Pino had only been appointed four days earlier and did not have the authority to award the contracts.

Rabali says that according to Pino, who also deposed to an affidavit, Lehloenya invited people to tender via e-mail and phone calls and instructed officials to assist some of the suppliers, including Royal Bhaca, to become compliant with the requirements of the government's central supplier database.

Pino stated that when she telephoned a representative of Royal Bhaca, the "true caller application" on her cellphone identified the representative as Mr Diko.

Rabali says: "She then immediately inquired from Ms Lehloenya as to why the department was 'using a company that is owned by someone who is very well-known politically'. She further advised her that Royal Bhaca 'needs to go away'. Ms Lehloenya's response was that "the MEC wants his people". She said she had signed the commitment letters on Lehloenya's instructions.

Rabali says she interviewed Jonathan Maake, MD of the company Mediwaste, from which Royal Bhaca and Ledla sourced the disposable bags and health-care boxes that they then sold on to the department.

Maake said they had agreed that he would sell the disposable bags to Royal Bhaca for 75c per bag (although later in the affidavit, Rabali says Mediwaste sold the bags to Ledla at 95c per bag). Royal Bhaca, and then Ledla, went on to sell them to the department for R7 per bag, " which translates to R7m for one million bags", Rabali states.

"Royal Bhaca therefore stood to make a profit of R6.25m (R7m paid to it by GDH less the R750,000 Royal Bhaca had to pay Mediwaste). For Royal Bhaca, this represents a profit of about 800%."

The health department had been charged almost 10 times Mediwaste's price. The price charged by Mediwaste "no doubt already included a normal, reasonable profit margin. To charge the provincial government R7 a bag is clearly extortionate".

Rabali says Maake said he was contacted on April 3 by Royal Bhaca representatives Norman Lehong and Rhulani Lehong-Mboweni, who said they had found his details following a Google search.

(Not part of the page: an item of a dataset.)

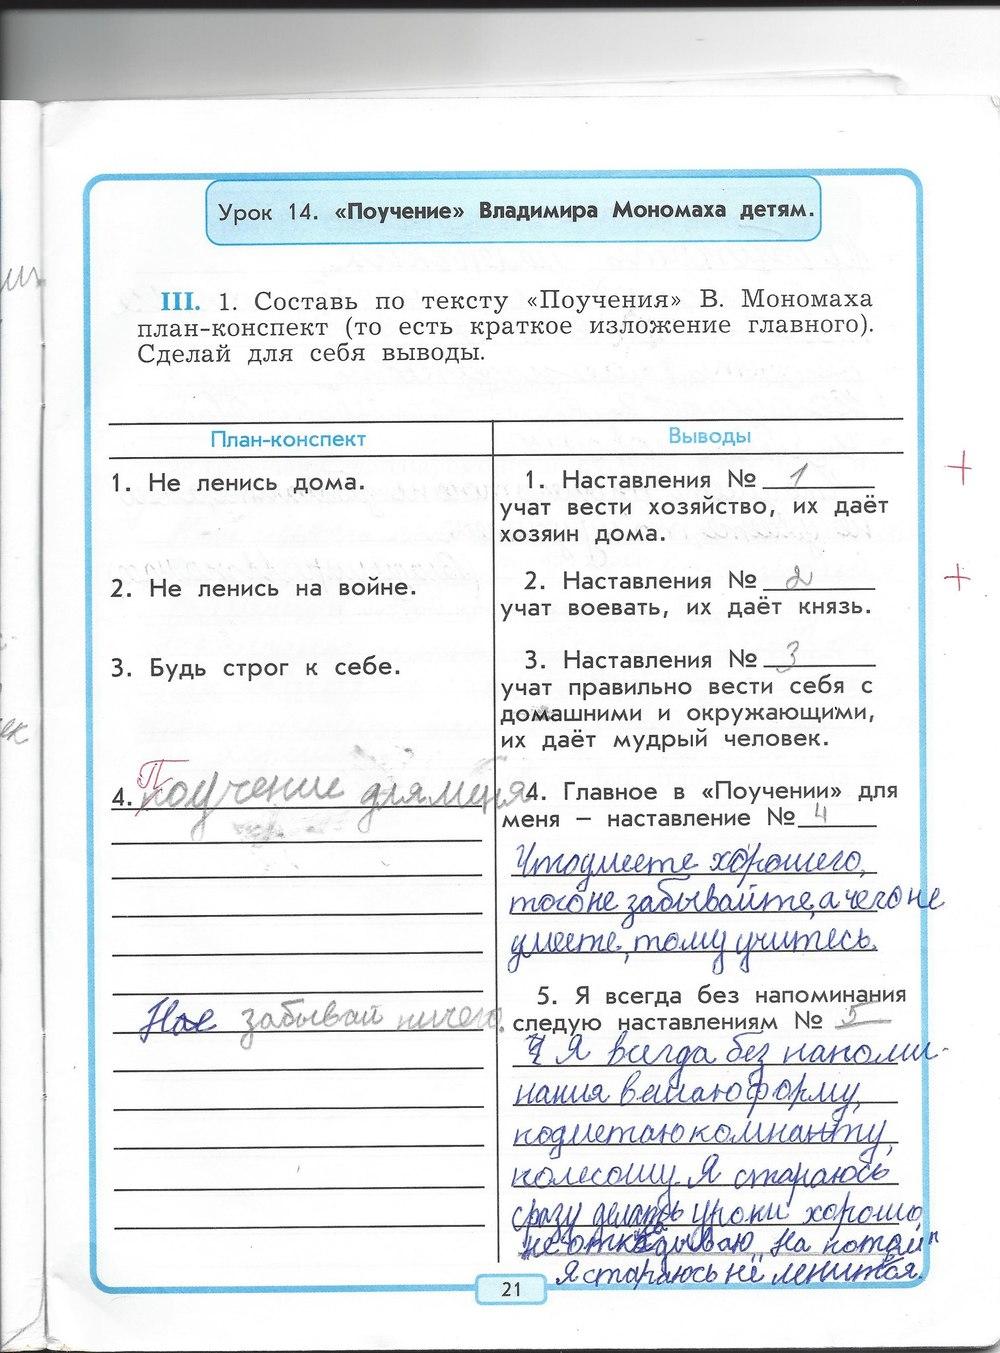 гдз по литературе в рабочей тетради 4 класс бунеев бунеева чиндилова
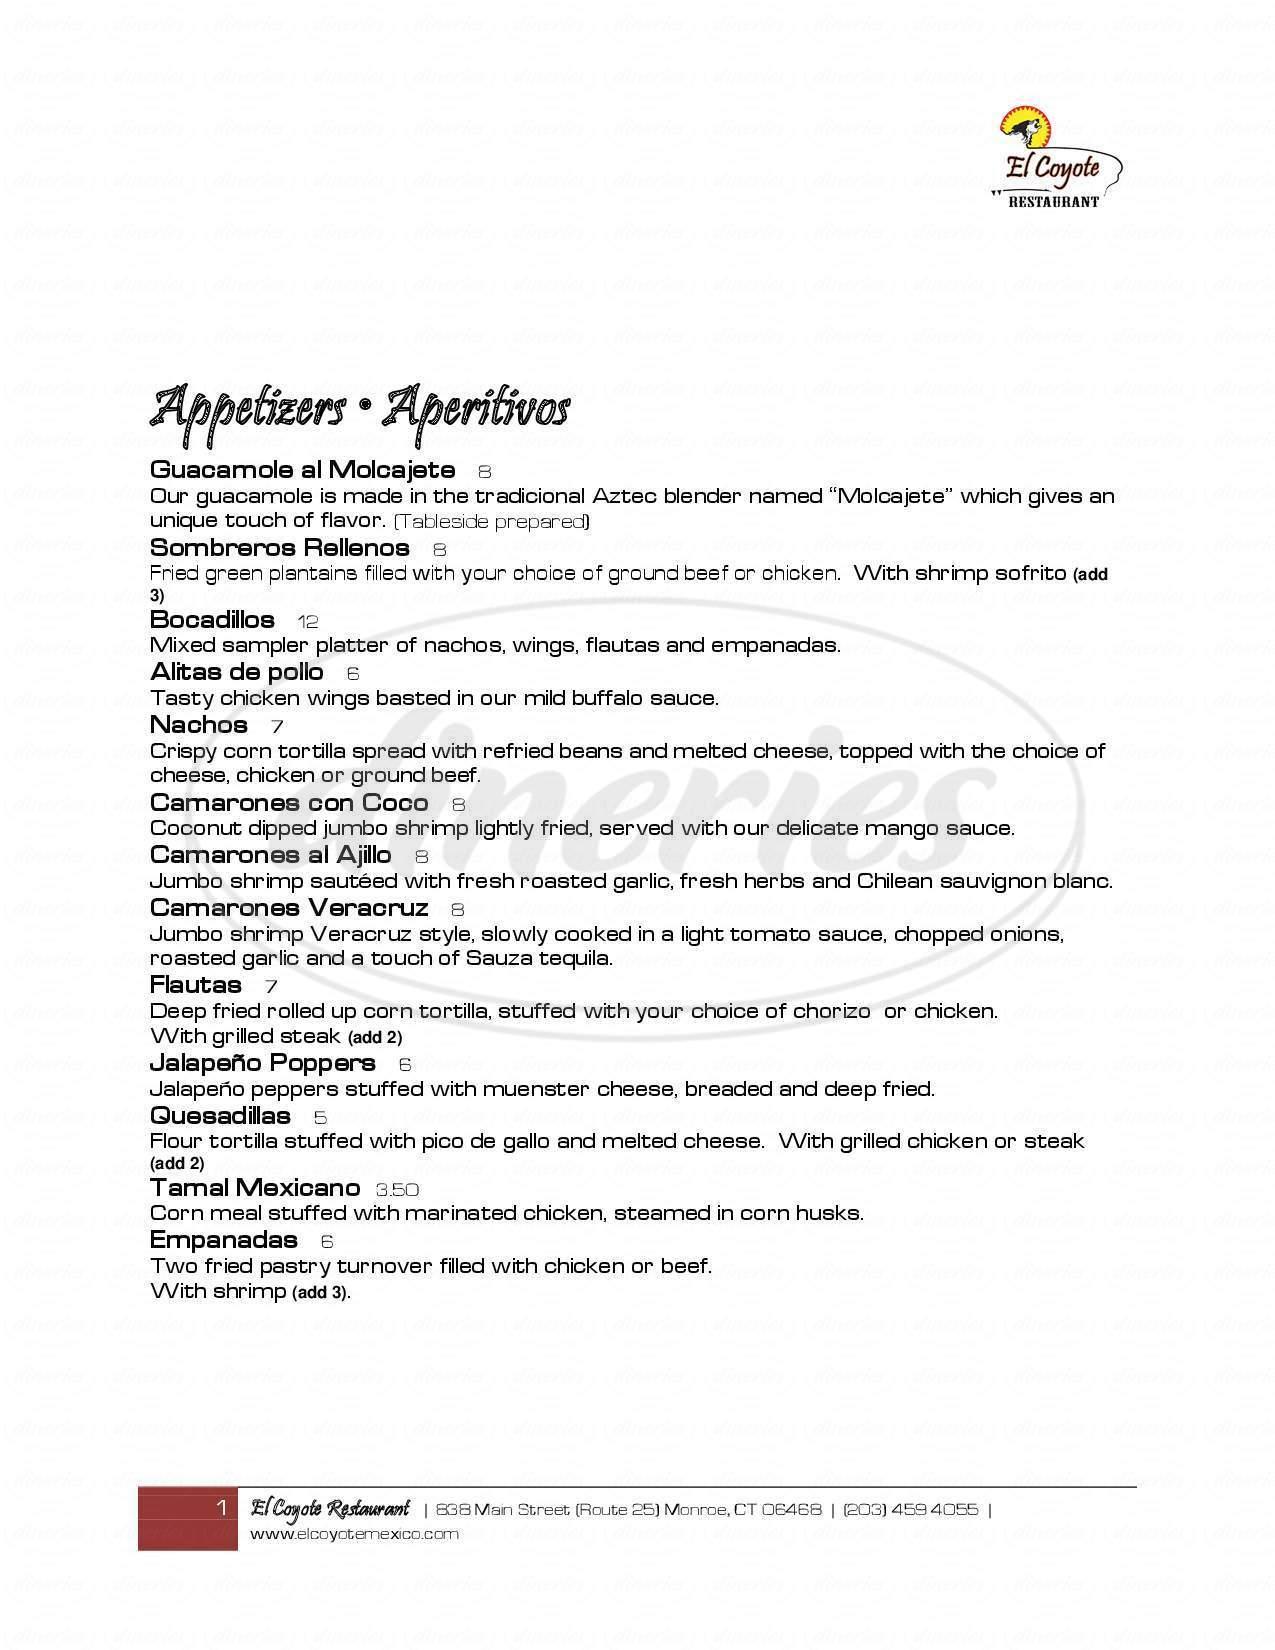 menu for El Coyote Restaurant

Maake recounted how, at a meeting on April 4, Diko expressed interest in buying Mediwaste and suggested Mediwaste apply for a loan from the IDC - to capitalise the partnership.

When Diko was not present, Lehong "suggested to Maake, in the absence of Diko, that the R30m [loan] would in fact be split between themselves - the plan was to 'run down' Mediwaste after it had received the loan so Mediwaste can then apply for 'bankruptcy'. In other words, what Mr Lehong was proposing was a scheme designed to defraud the IDC of R30m."

An independent company search shows that Lehong and Lehong-Mboweni are directors of Ledla.

Rabali says the manager of the warehouse that received Covid-19 supplies, Lizelle van Rooyen, said that she had been instructed by Lehloenya to register the items received from Royal Bhaca as "donation stock".

"The inference is irresistible that… the instruction was given simply to create another false impression that Royal Bhaca and Mr Diko would not be receiving payment for those items from the [Gauteng health department], whereas in fact they would and did receive payment for those very goods through Ledla," says Rabali.

The SIU also asked that Lehloenya's pension be frozen, which was granted on an interim basis, pending a full ventilation of the case.

Lehloenya told the Sunday Times she had not been served with the application and had not been afforded the opportunity to study and consider it.

"Once I have been served with the application, I will respond to the allegations in an appropriate forum," she said.

Diko said: "Let's await the outcome of the investigation; time will tell."

Lehong did not answer calls or respond to detailed messages.

Masuku said he was barred from commenting but dismissed the allegations as fake news.

A source close to him pointed out that it was Masuku who had initiated the investigation in the first place and said the claims were "baseless".